Implementing a ticket lock with atomics generates extra mov


First of all, I think you need to use std::memory_order_acquire, since you're acquiring a lock. If you use mo_relaxed, you could potentially see stale data from before some of the stores that the previous lock-holder did. Jeff Preshing's blog is excellent, and he has a post on release/acquire semantics.

On x86, this can only happen if the compiler re-orders loads and stores, which mo_relaxed tells it it's allowed to. An acquire load compiles the same as a relaxed load on x86, but without reordering. Every x86 asm load is already an acquire. On weakly-ordered architectures that need it, you'll get whatever instructions are needed for a load-acquire. (And on x86, you'll just stop the compiler from reordering).


I put a version of the code on godbolt to look at the asm with various compilers.


Well spotted, this does look like a gcc optimization failure, still present at least in 6.0 (checked with Wandbox, using a main that does return execlp("objdump", "objdump", "-Mintel", "-d", argv[0], NULL); to dump disassembler output of itself, including the functions we're interested in.

It looks like clang 3.7 does even worse with this. It does a 16bit load, then zero-extends, then compares.

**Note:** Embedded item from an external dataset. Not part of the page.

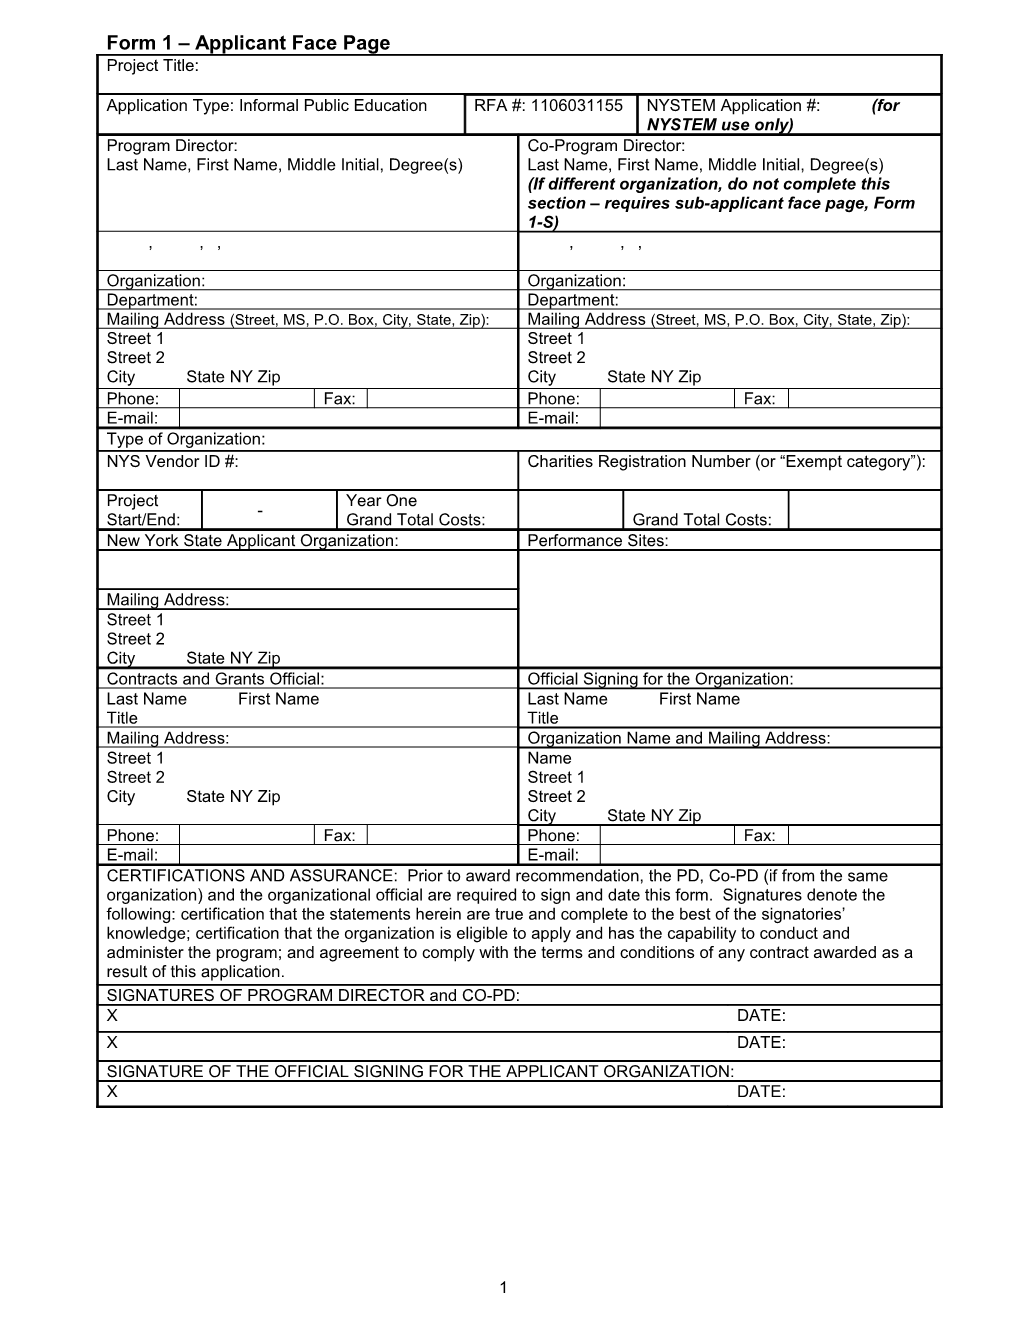 Form 1 Applicant Face Page

gcc treats atomic loads specially, and apparently fails to notice it can fold it into the compare. Probably the optimization pass that could have done that happened while the atomic load was still represented differently from regular loads, or something. I'm not a gcc hacker, so this is mostly guesswork.

I suspect either you have an old gcc (4.9.2 or older), or you're building on / for AMD, because your compiler used rep ret even with -march=native. You should do something about that if you care about generating optimal code. I've noticed gcc5 making better code than gcc 4.9 sometimes. (not that it helps in this case, though :/)

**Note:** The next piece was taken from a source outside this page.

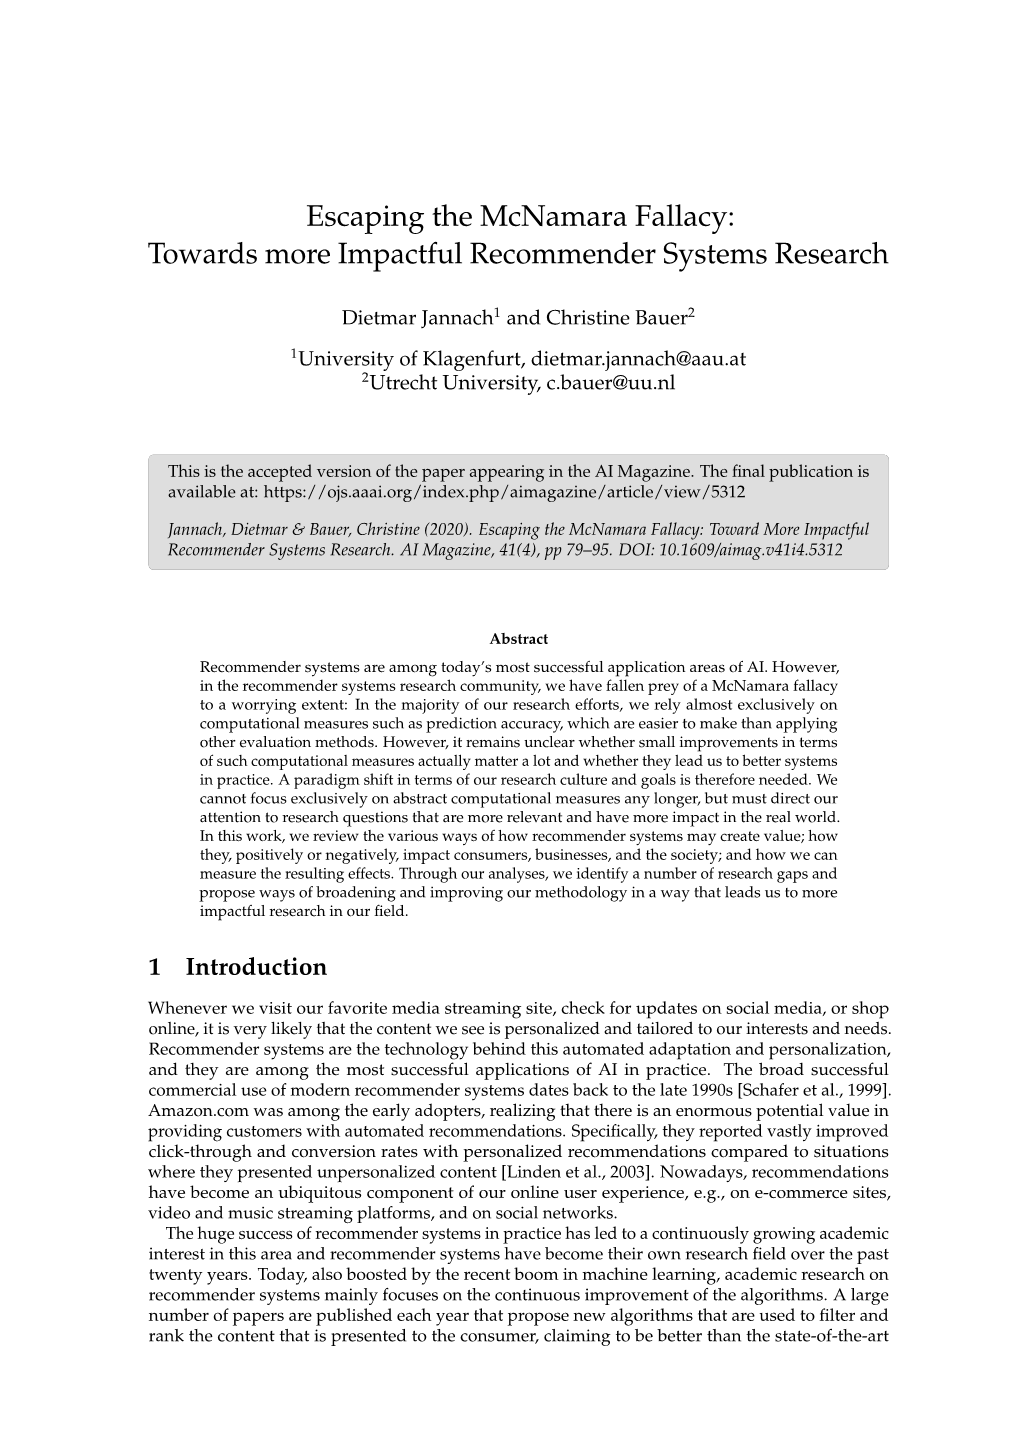 Escaping the Mcnamara Fallacy: Towards More Impactful Recommender Systems Research

I tried using uint32_t, with no luck.

The performance impact of doing the load and compare separately is probably irrelevant since this function is a busy-wait loop.

The fast path (unlocked case, where the loop condition is false on the first iteration) is still only one taken branch, and a ret. However, in the std:atomic version, the fast path goes through the loop branch. So instead of two separate branch-predictor entries (one for the fast path and one for the spin-loop), now spinning will probably cause a branch mispredict in the next unlocked case. This is probably not an issue, and the new code does take one fewer branch-predictor entries.

IDK if jumping into the middle of a loop had any ill effects on the uop cache of Intel SnB-family microarchitectures. It is something of a trace cache. Agner Fog's testing found that the same piece of code can have multiple entries in the uop cache if it has multiple jump entry points. This function is already somewhat uop-cache unfriendly, since it starts with a mov r, imm / lock xadd. The lock xadd has to go in a uop cache line by itself, because it's microcoded (more than 4 uops. 9 in fact). An unconditional jump always ends a uop cache line. I'm not sure about a taken conditional branch, but I'd guess a taken jcc ends a cache line if it was predicted taken when it was decoded. (e.g. branch predictor entry still good, but old uop cache entry evicted).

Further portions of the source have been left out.